_DATASET SECTION_:
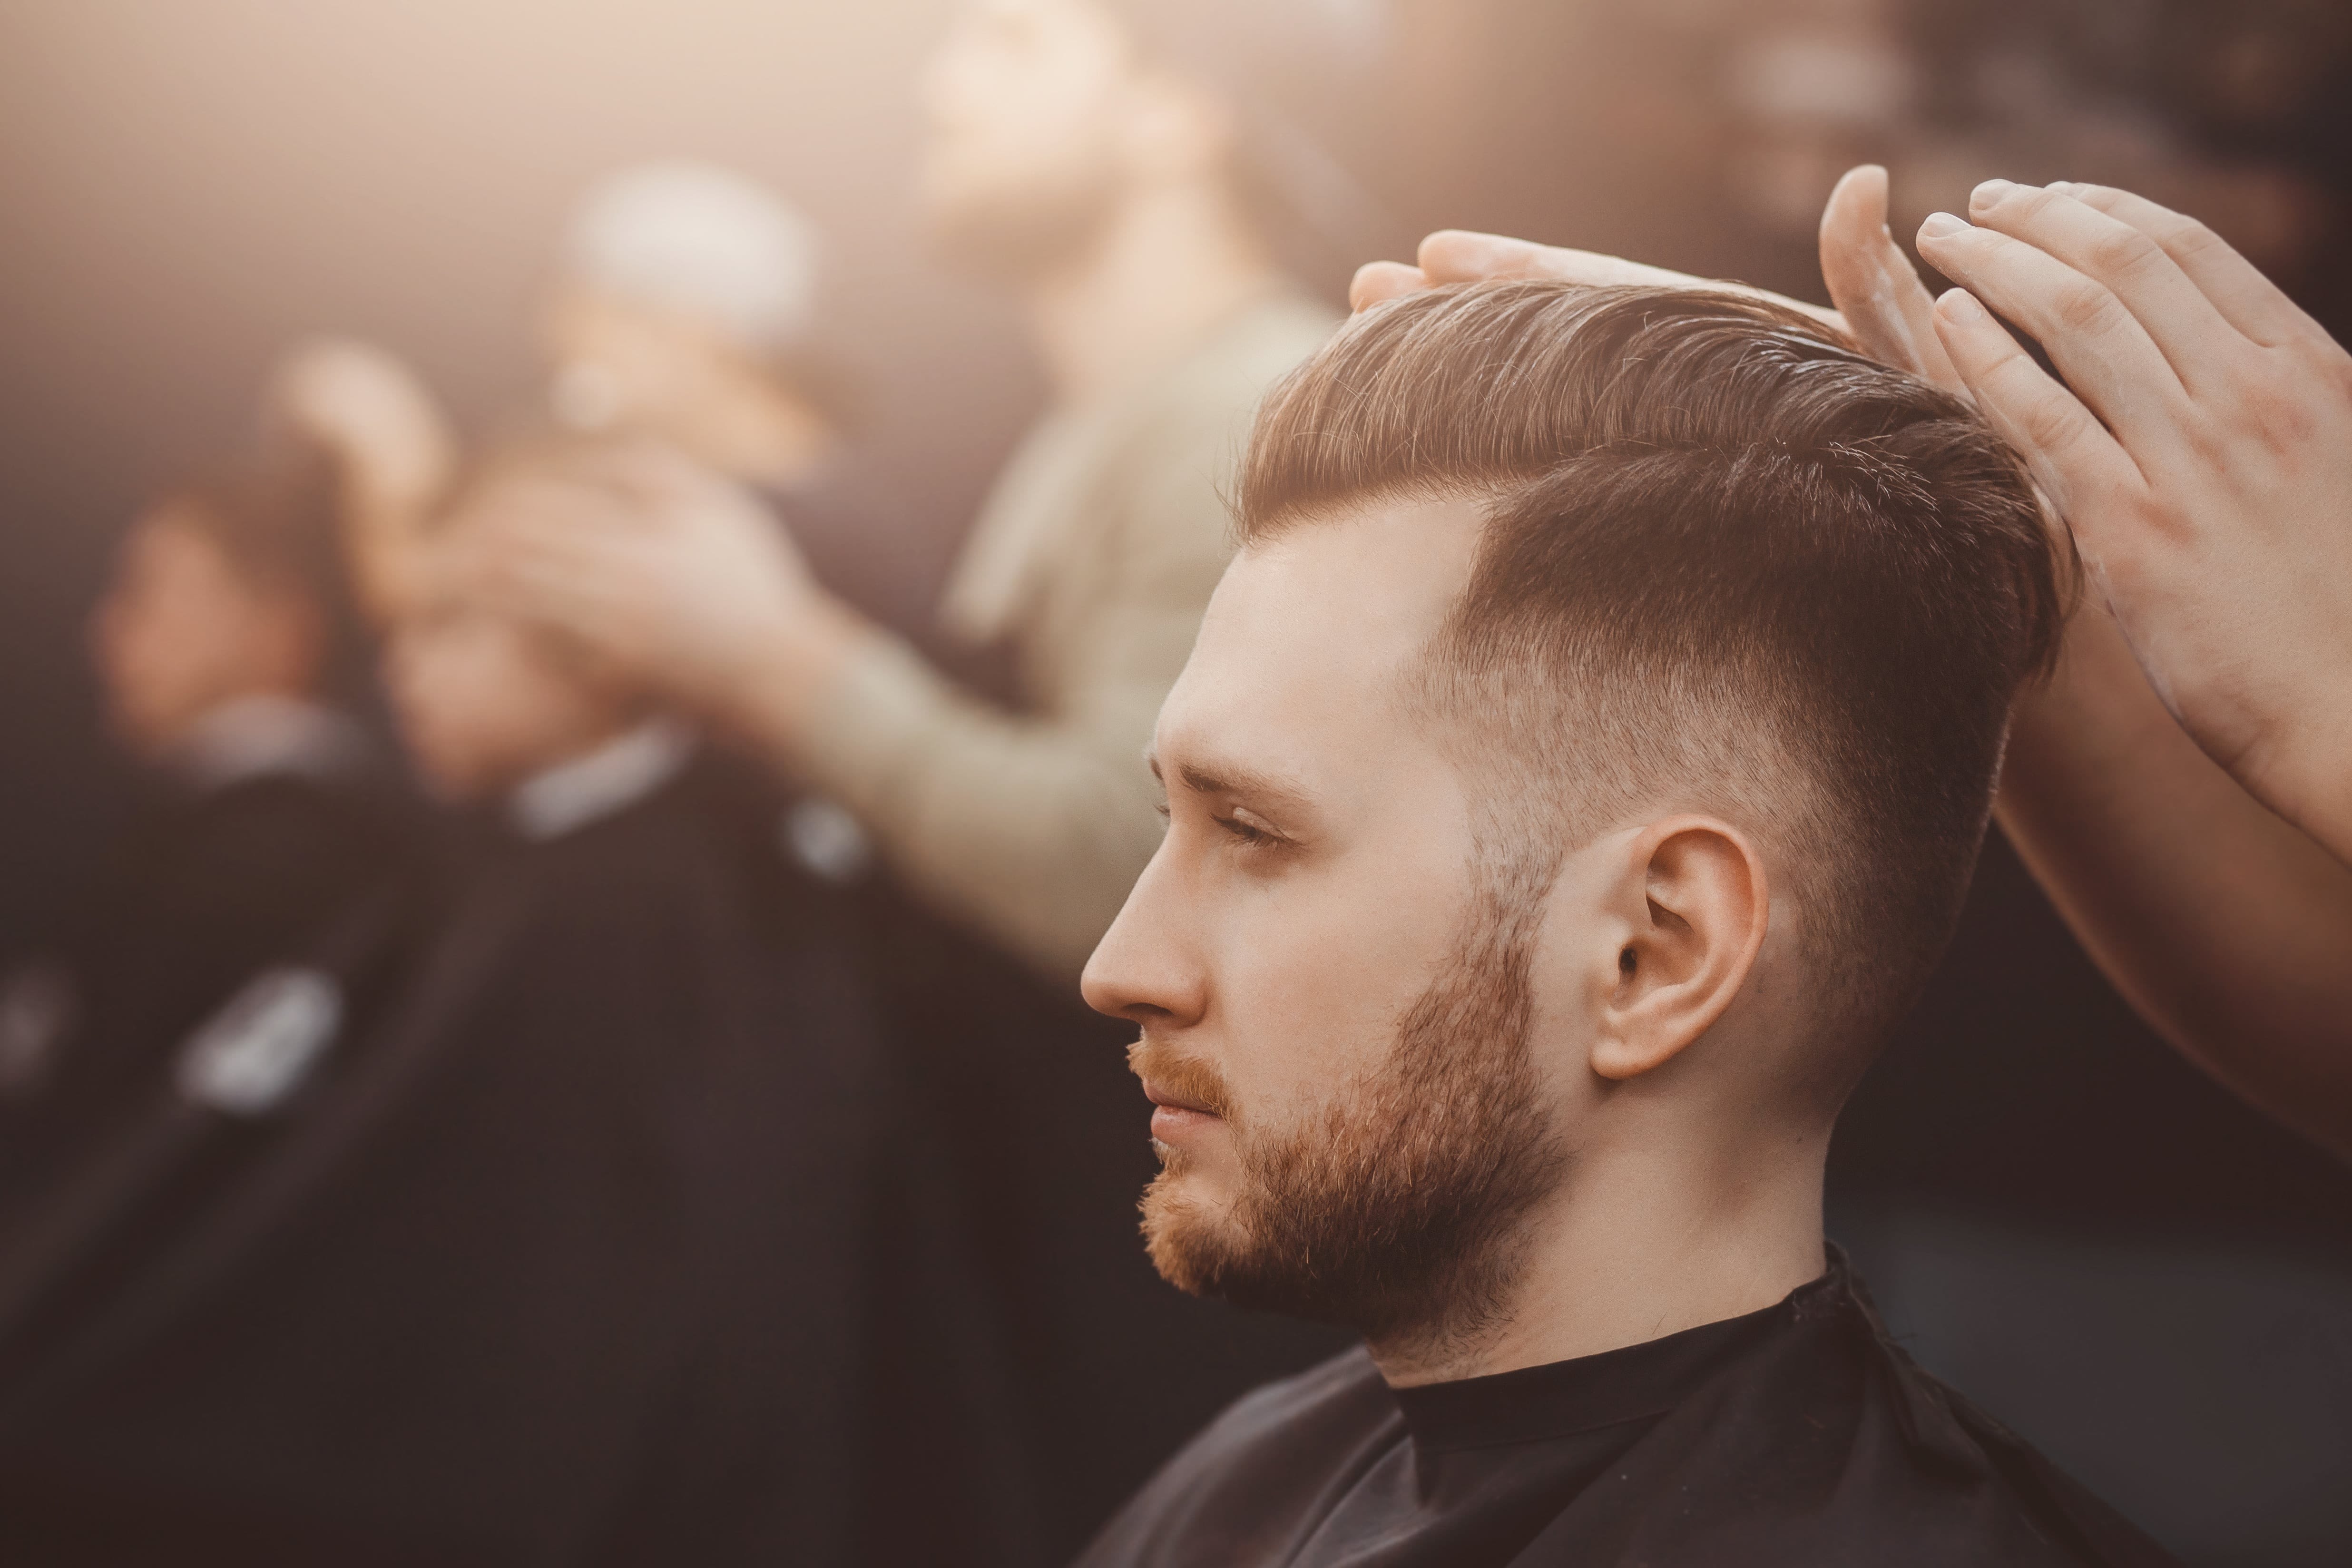 Discover the Latest Mens Haircut Trends at Judes Barbershop
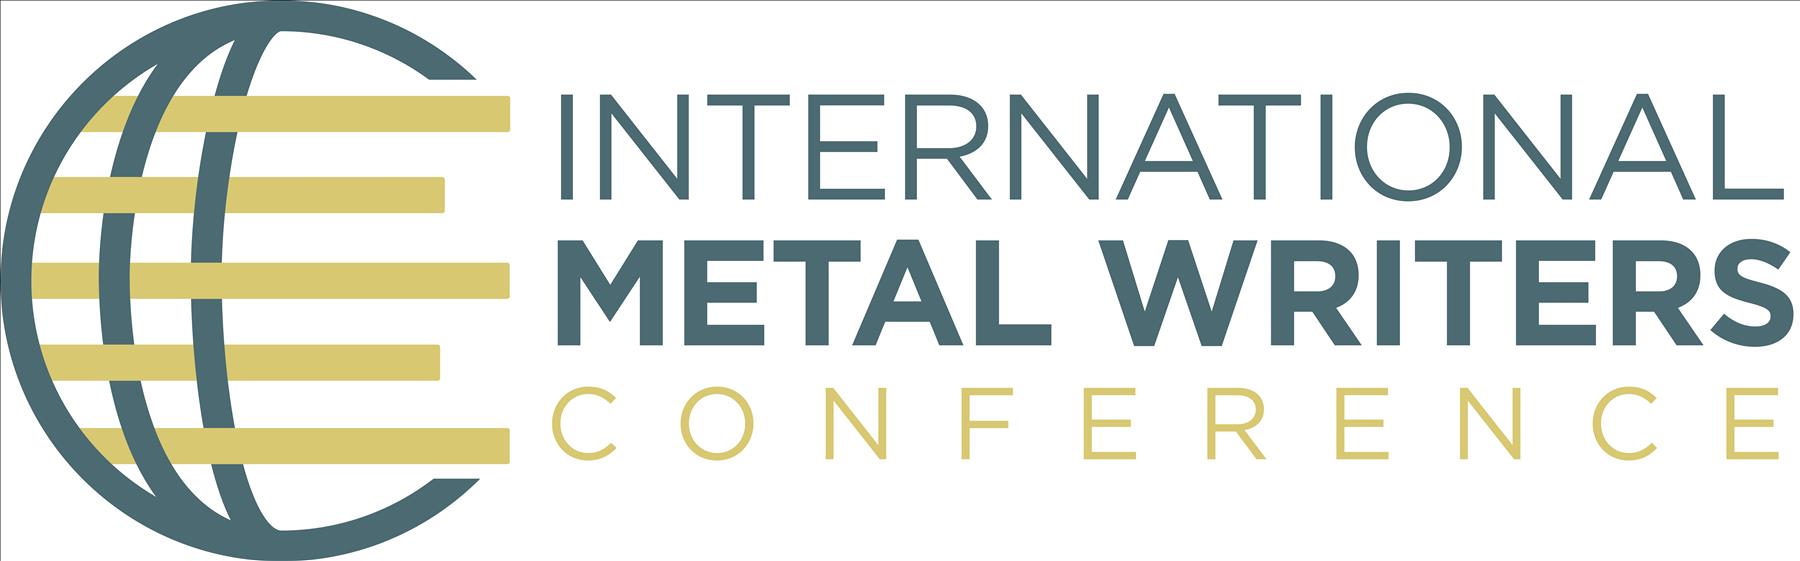 International Metal Writers Conference- Vancouver May 28-29th, 2017
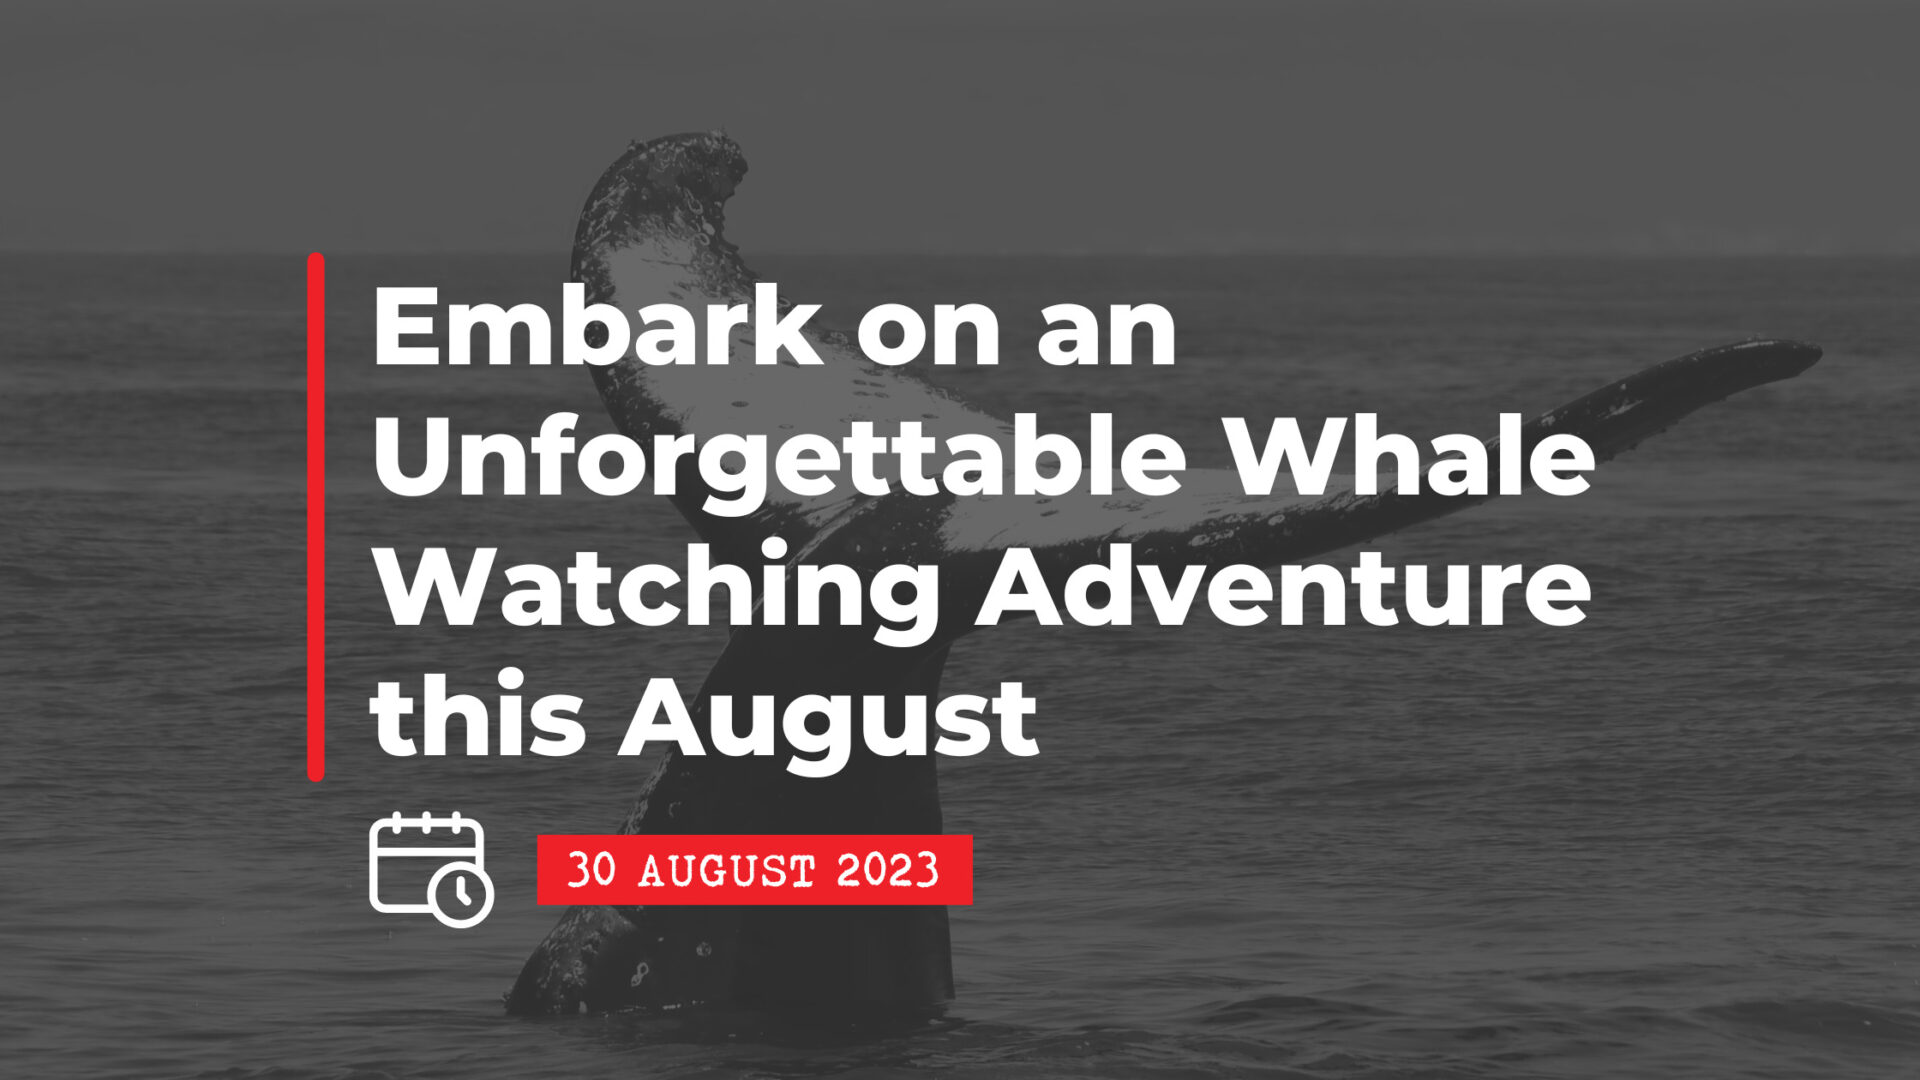 30 August 2023: Embark on an Unforgettable Whale Watching Adventure this August

_TASK INSTRUCTIONS_: Set down the line containing "International Metal Writers" and every line after it up to the end of the material, exactly as written, but not the pictures.

_RESULT OF THIS EXERCISE_:
 International Metal Writers Conference- Vancouver May 28-29th, 2017
 30 August 2023: Embark on an Unforgettable Whale Watching Adventure this August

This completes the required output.